1.0 - 8.00 - Canopy - Teradata Vantage

Teradata® Vantage Machine Learning Engine Analytic Function Reference

Product
Teradata Vantage
Release Number
1.0
8.00
Release Date
May 2019
Content Type
Programming Reference
Publication ID
B700-4003-098K
Language
English (United States)

Canopy clustering is a simple, fast, accurate method for grouping objects into preliminary clusters. It is often performed in preparation for more rigorous clustering techniques, such as k-means clustering.

The canopy clustering algorithm uses a fast approximate distance metric and two distance thresholds, T1 (loose distance) and T2 (tight distance), with T1 greater than T2. A point is assigned to a canopy if the distance from the point to the canopy center is less than T2, and can be assigned to a canopy if the distance from the point to the canopy center is less than T1. A point can be assigned to more than one canopy.

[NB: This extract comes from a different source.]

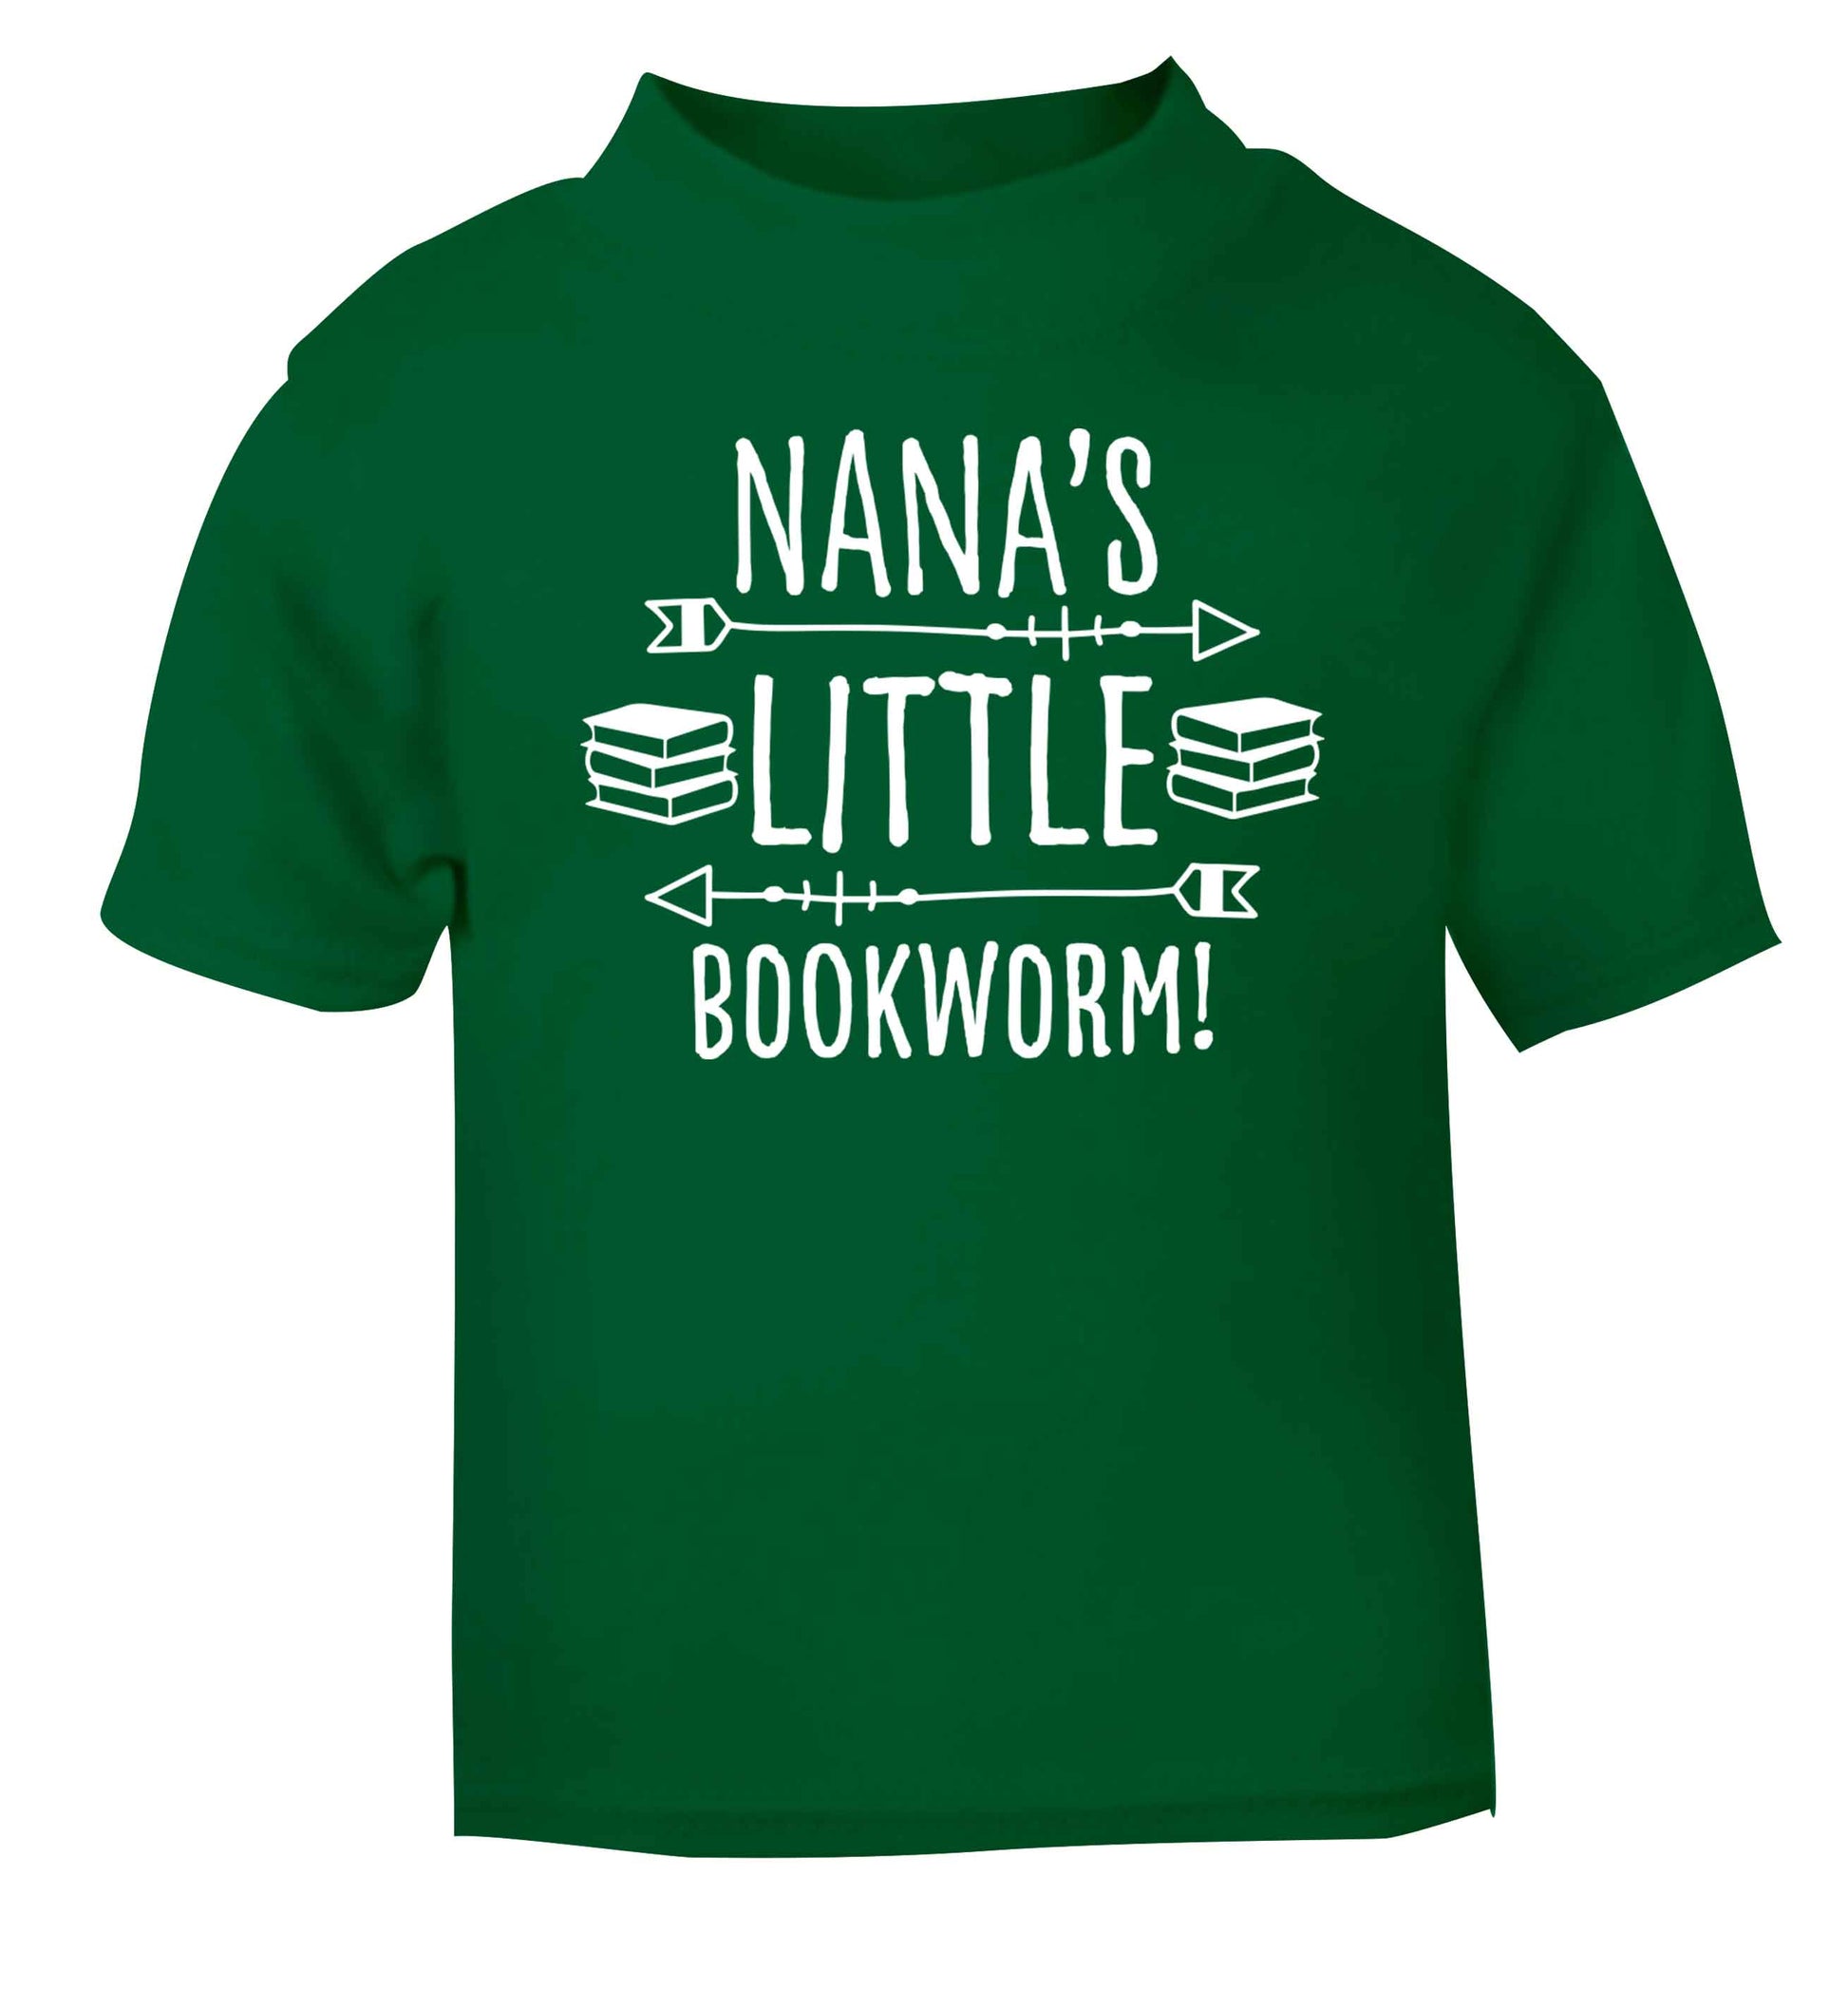 Nana's little bookworm green baby toddler Tshirt 2 Years

  • For distance measurement, the Canopy function uses Euclidean distance.
  • If there are more than 10,000 canopy centers, the function fails. Run the function again, increasing the value of T2 (specified by the TightDistance argument).
  • The canopy clustering algorithm is nondeterministic, and the randomness of the canopy assignments cannot be controlled by a seed argument (for more information, see Nondeterministic Results).